Seriously, most television shows, movies, and adult rhetoric dismiss and disrespect teens. It’s not unusual for people to express sympathy to parents of teens. “It’s a hard time . . . I know . . . I hope you’re coping okay.” Stephen Colbert once quipped, “Nobody likes teenagers.” Even Mark Twain had his funny and famous disrespectful quotable quote on teens. Remember:

“When I was a boy of 14, my father was so ignorant I could hardly stand to have the old man around. But when I got to be 21, I was astonished at how much the old man had learned in seven years.”

This is a clever way of suggesting that teens don’t recognize their parents’ wisdom. Although this is partly true, I’m guessing most teens don’t find it especially hilarious. Especially if their parents are treating them in ways that most of us would rather not be treated.

And now the neuroscientists have piled on with their fancy brain images. We have scientific evidence to prove, beyond any doubt, that the brains of teens aren’t fully developed. Those poor pathetic teens; their brains aren’t even fully wired up. How can we expect them to engage in mature and rational behavior? Maybe we should just keep them in cages to prevent them from getting themselves in trouble until their brain wiring matures.

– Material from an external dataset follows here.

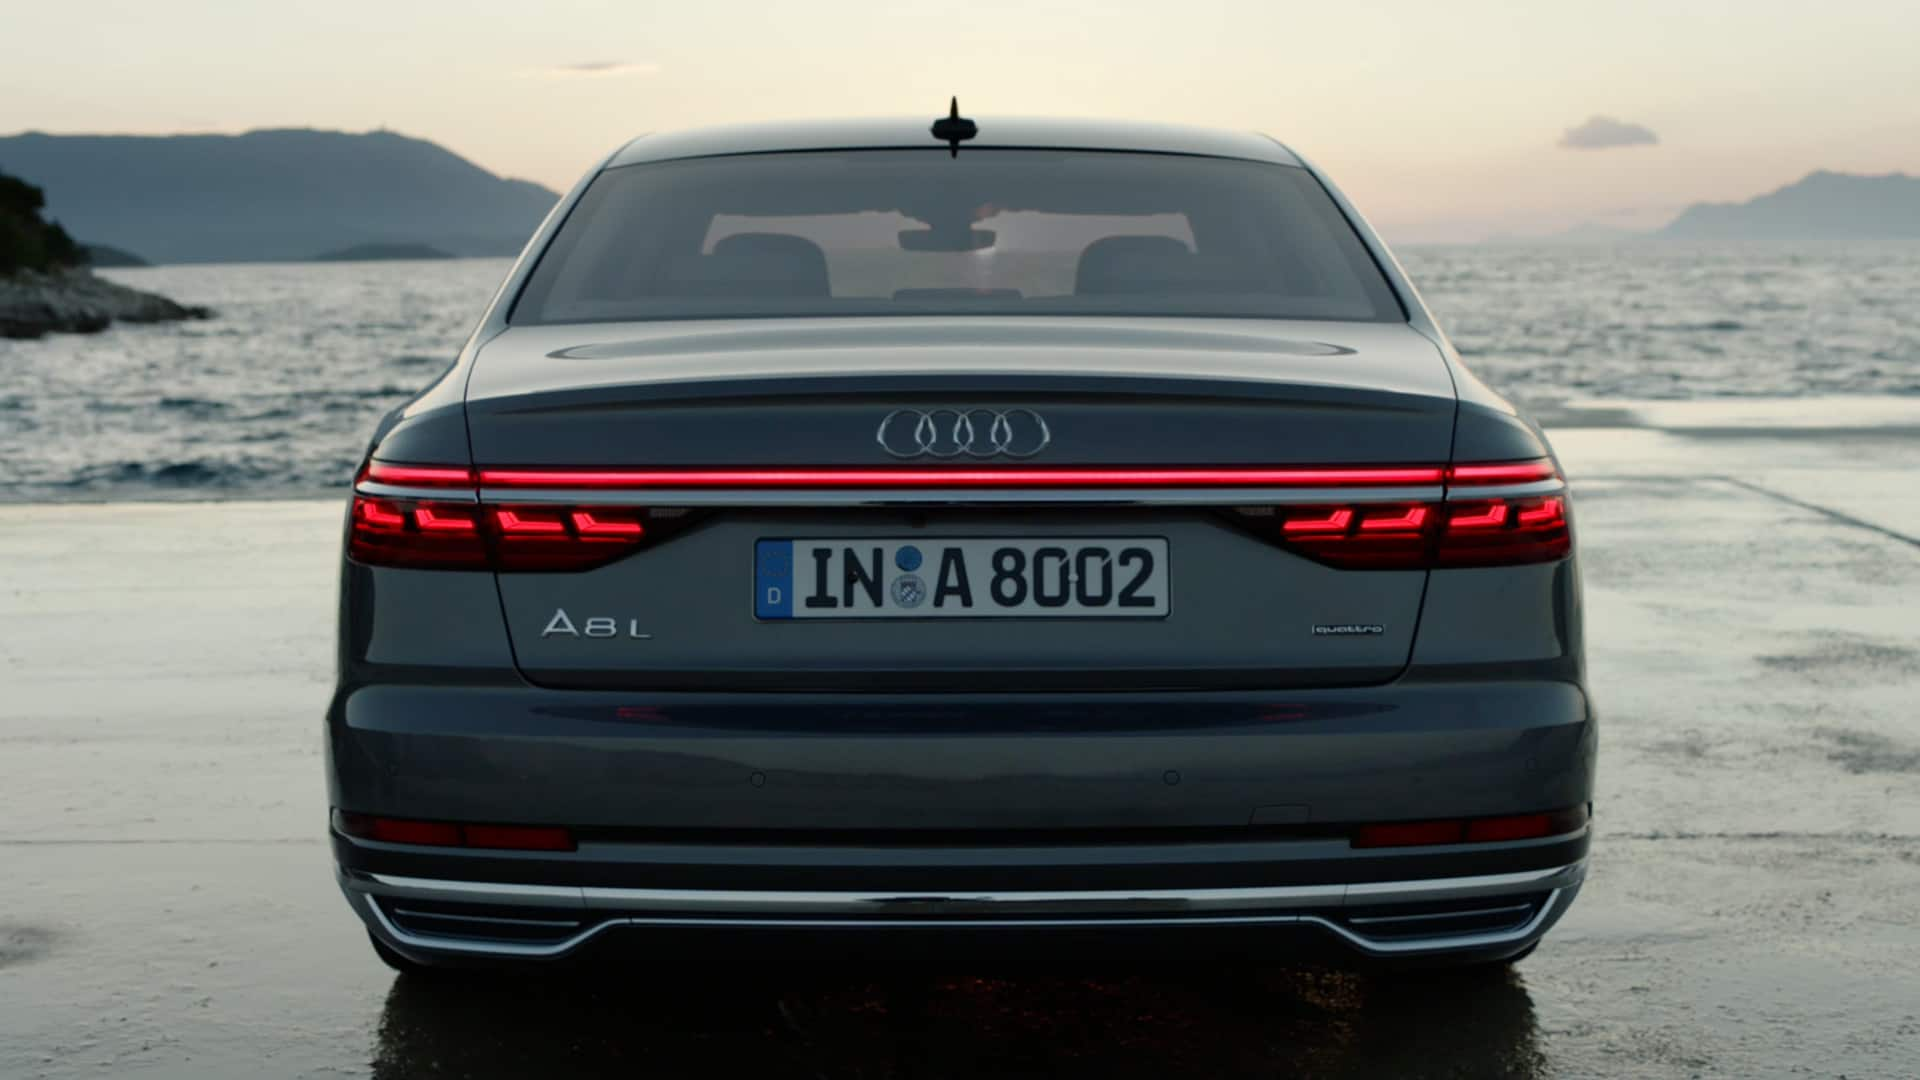 A L A Audi Hong Kong - Audi 8

This might be a good idea, but then how do we explain the occasionally immature and irrational behavior and thinking of adults? I mean, I know we’re supposed to be superior and all that, but I have to say that I’ve sometimes seen teens acting mature and adults acting otherwise. How could this be possible when we know—based on fancy brain images—that the adult brain is neurologically all-wired-up and the teen brain is under construction? Personally (and professionally), I think the neuroscience focus on underdeveloped “teen brains” is mostly (but not completely) a form of highly scientifically refined excrement from a male bovine designed to help adults and parents feel better about themselves.

And therein lies my point: I propose that we start treating teens with the respect that we traditionally reserve for ourselves and each other . . . because if we continue to disrespect teenagers and lower our expectations for their mature behavior . . . the more our expectations for teenagers are likely to come true.

John and his sister, Peggy, acting immature even though their brains are completely wired up.